※この記事は2019年8月27日に配信した、メールマガジン「エディターズレター(Editors' Letter)」のバックナンバーです。最新のレターを受け取るにはこちらから。
「SPUR」の視点が面白い
最近、雑誌「シュプール(SPUR)」の編集の切り口が面白くて注目しています。最新の10月号で言えば、「“クラシック”は新しい 4 レディM:令和の女」という見出しが躍るファッションシューティングのページは、そうとは書かれていませんが雅子さまを想起させてドキッとしました。「スナップ・ジェンダーレス時代」というスナップページに登場するのはなんと、全員おしゃれな男子。7月のパリ・メンズのコレクション会場周辺で撮影しています。「生理について語るときがきた」ではタイトル通り、生理についてとことん掘り下げています。
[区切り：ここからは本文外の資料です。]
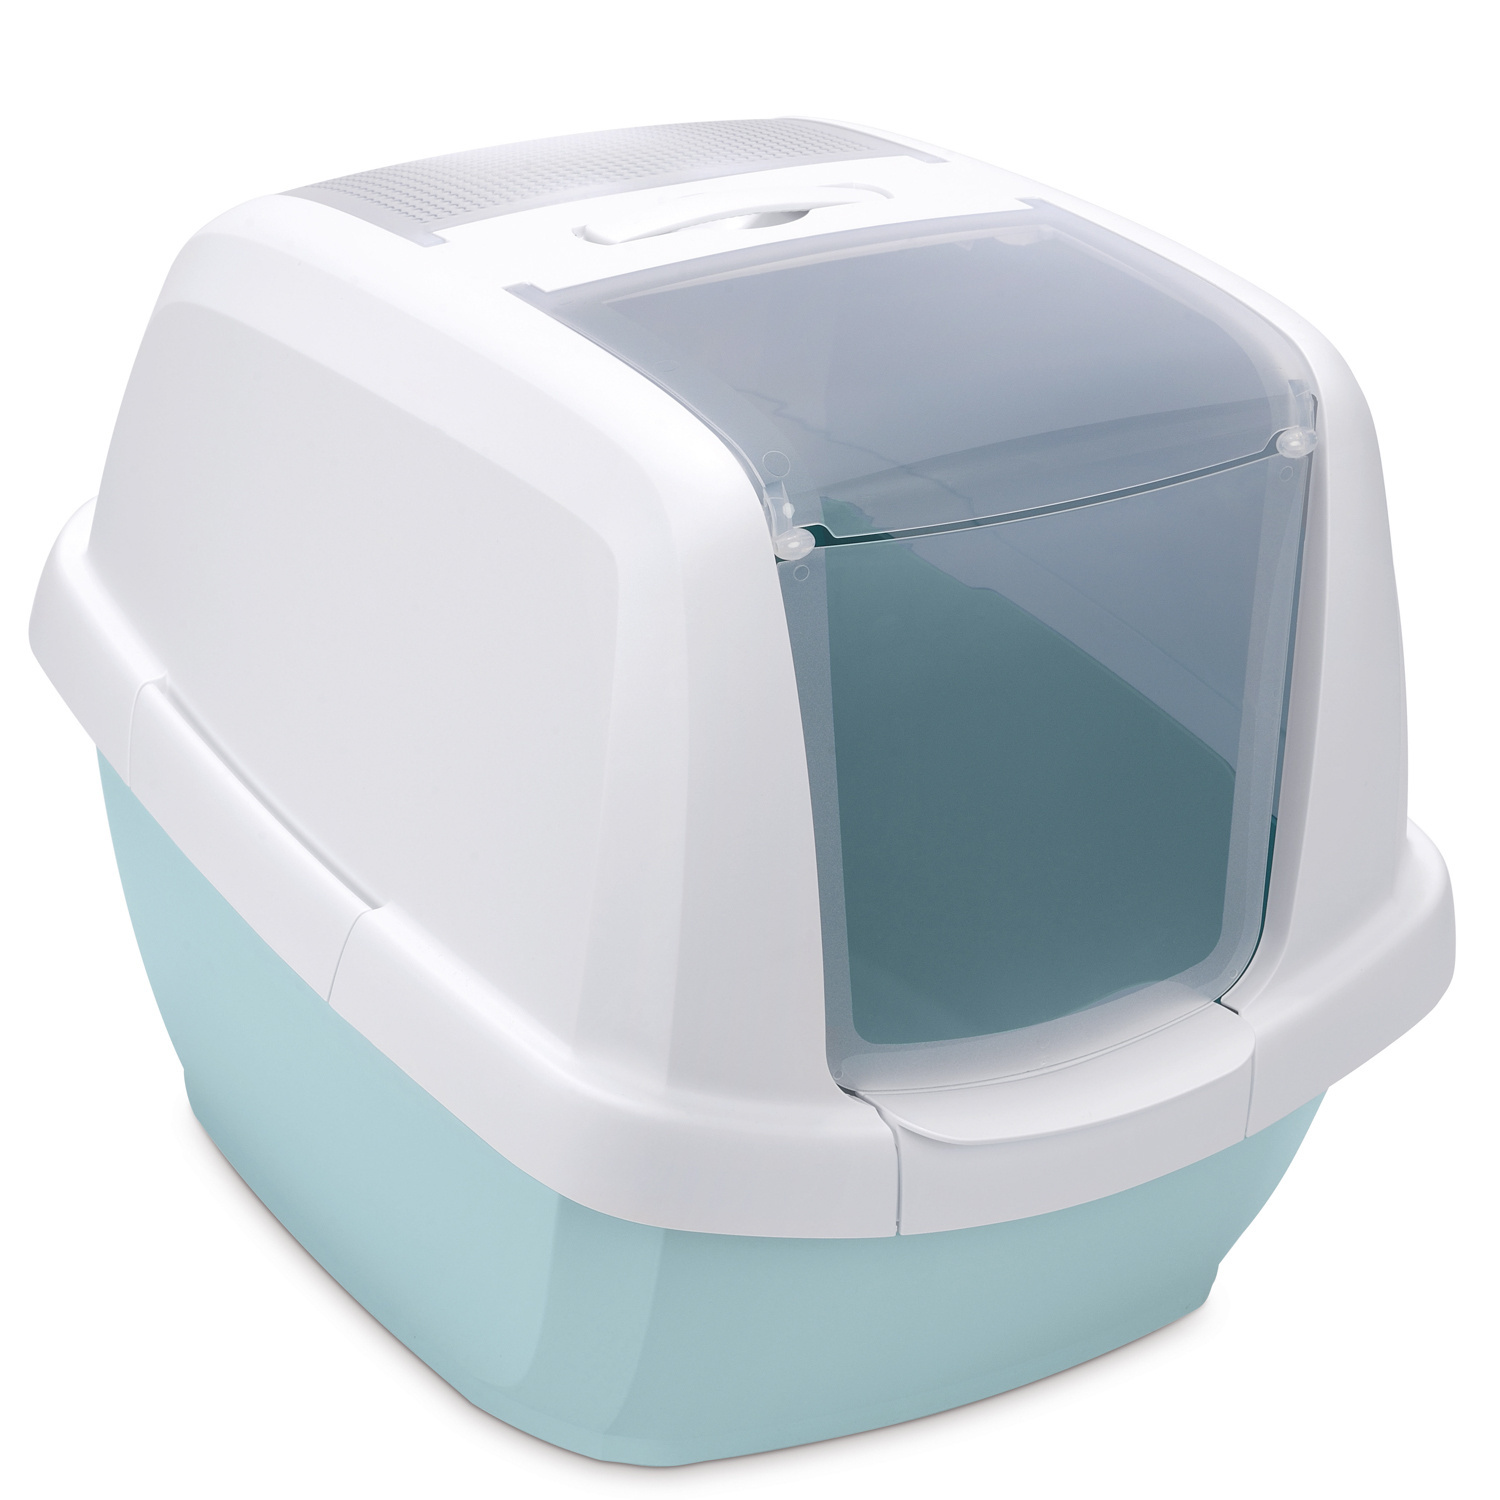 IMAC IMAC био-туалет для кошек , белый/цвет морской волны (2,85 кг) цена и фото

何気ない1枚の写真の背景に時事問題や社会問題が、しかも複数要素見え隠れしていて、それに気がつくとドキッとするのです(笑)。
集英社の雑誌の中でもハイエンドな“モード”の部分を担い、ラグジュアリーブランドとのつながりも深い同誌ですが、ハイエンドを扱っていると陥りがちなとっつきにくさはナシ。むしろすごく人懐っこい“モード”です。その理由は、単に「着やすい服を扱っている」といった表層的な理由からではなく、「モードを人懐っこく扱うよ」というポリシーがあって具体的な戦略に落とし込まれているからなんだなと、五十嵐真奈編集長と話していると分かります。
五十嵐編集長は、「機嫌がよい誌面、機嫌がよいモード」といった表現をしていますが、それが思いっきり実行されていたのが2018年3月号。なんと、誌面に登場するモデルがタイアップページを含めて全員笑っていました。ちょっとイッちゃっています!だって、撮影にはそれぞれテーマがあり、クリエイターにはビジョンがあるのに、“笑顔”という一見すると優しく実は難易度が高い強烈な制約をかけちゃうんですから。
イッちゃっている、はもちろん褒め言葉です(笑)。簡単なようでハードルの高い制約。それが雑誌のポリシーにつながっているのですよね。制約はクリエイションの生みの親と言われますが、笑顔が制約になるとは……。もちろん登場する「笑顔」の種類は、「破顔」から「ほほ笑み」「目だけは笑ってない」までさまざまでしたがそれがまたおもしろかったです。